Liath concentrated on the food because she was starving. Wolfhere would get his answer soon enough. She had gulped down most of the food on her half of the platter when she saw him make his way through the crowd of retainers who had flocked around the entrance to watch the entertainment within.

Embarrassed to be caught bolting her food, she wiped her mouth with the back of a hand and stood. Wolfhere jumped up as Sanglant eased free of the crowd and walked toward them.

"What means this?" Wolfhere demanded again.

"What matters it to you? What right do you have to interfere?" But she was only angry at him because of the fearful pounding of her own heart as the prince stopped before her. He had filled out in the past twenty days and had his hair trimmed neatly, but the haunted look in his eyes hadn't dissipated. He wore a rich linen tunic trimmed with silver-and-gold-threaded embroidery, cut to fit his height; with a sword swinging in a magnificent red-leather sheath at his belt and several fine rings on his fingers, he looked very much the royal prince and courtier. Only the rough iron collar bound at his neck spoiled the picture.

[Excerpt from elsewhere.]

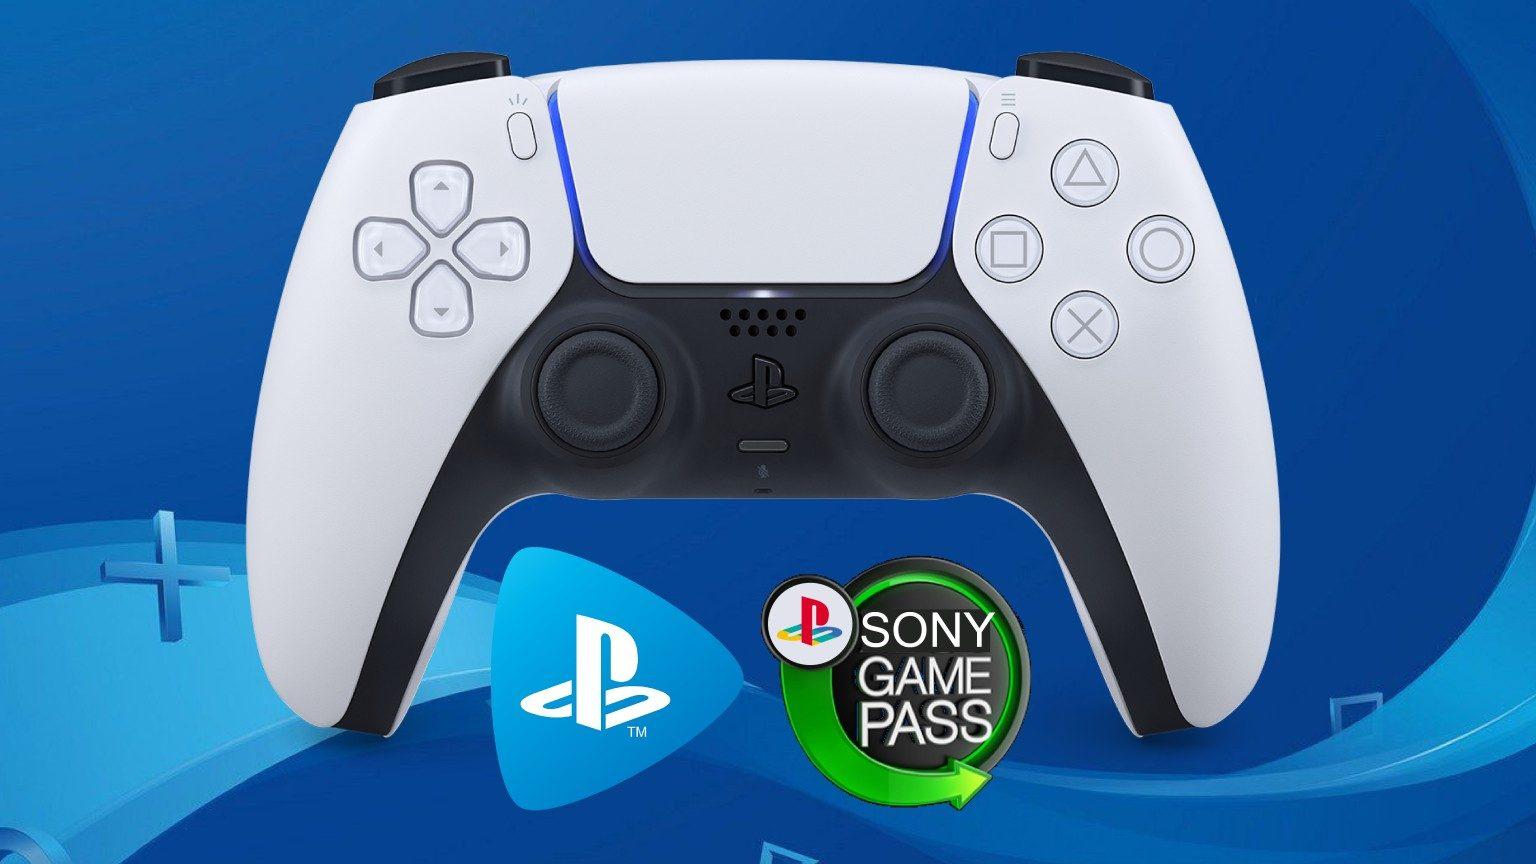 Sony Game Pass M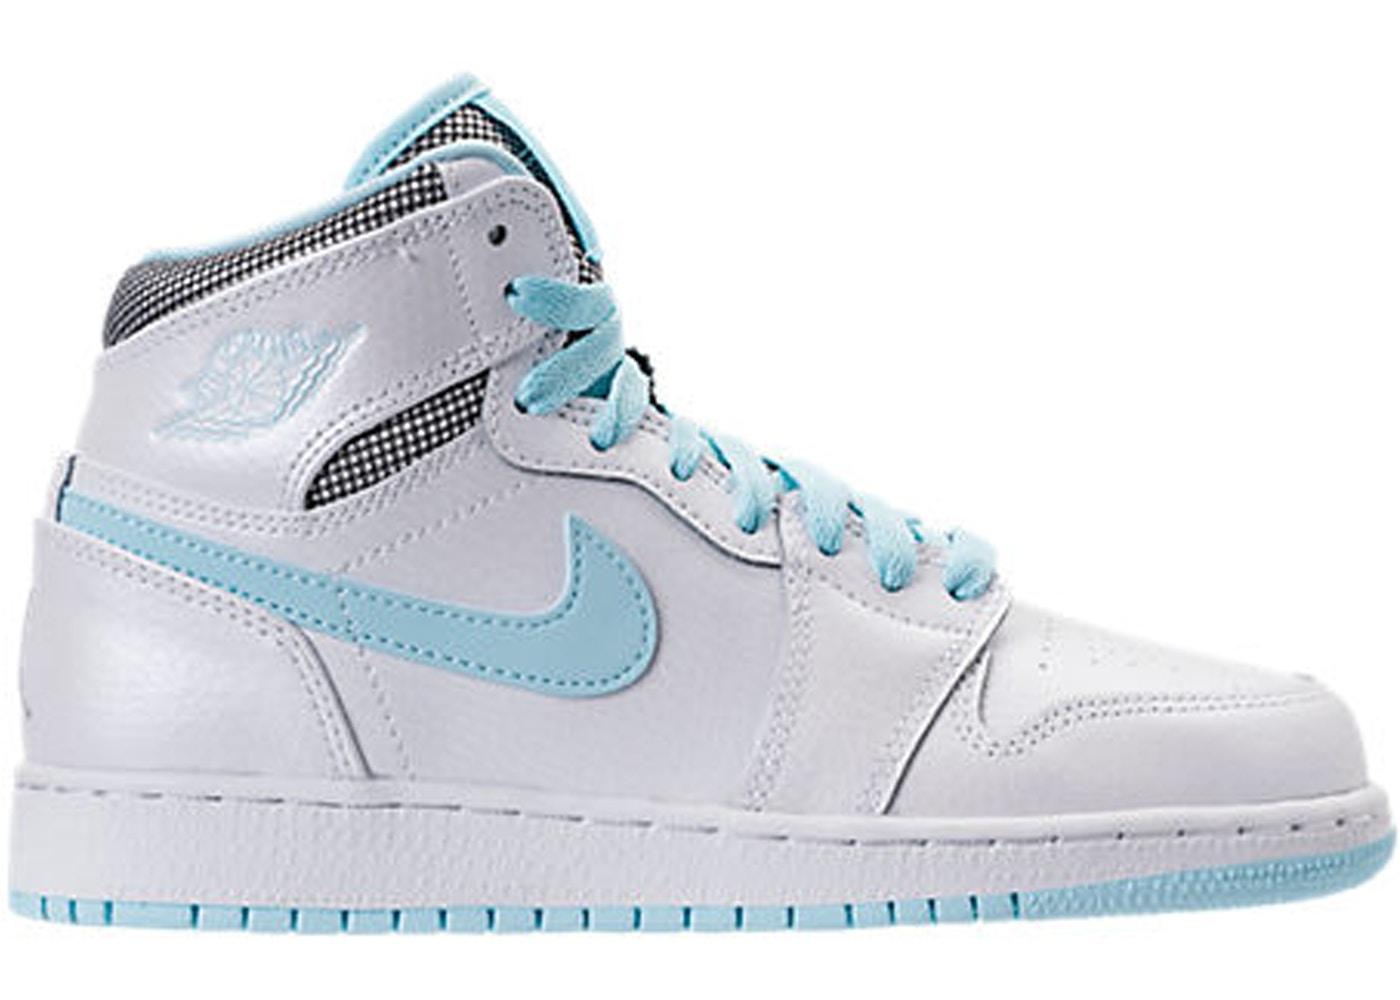 Jordan 1 Retro High White Still Blue Gs 332148 106

Perhaps it choked him: He seemed unable to speak, and now that he stood so close she could not think of one single word.

"Do not forget the oath you took as an Eagle," said Wolfhere suddenly. "Do not forget the news I brought you, Liath!"

"Leave us," said Sanglant without taking his gaze off Liath.

Not even Wolfhere dared disobey a direct command. He grunted with irritation, spun, and stalked off without taking supper or ale with him.

"I kept the book safe for you, as I promised." His hoarse voice made the words seem even more fraught with meaning; but his voice always sounded like that. "The question I asked you . . . have you an answer for me?" Shouts and laughter swelled out from the hall, and he glanced back toward the doors and muttered something under his voice more growl than words.

"You were half mad. How can I be sure you meant what you asked?"

He laughed—the old laugh she recalled from Gent when, under siege, he had lived each day as if he cared not whether another came for him. "Ai, Lady!

Say you will marry me, and let us have done with this!"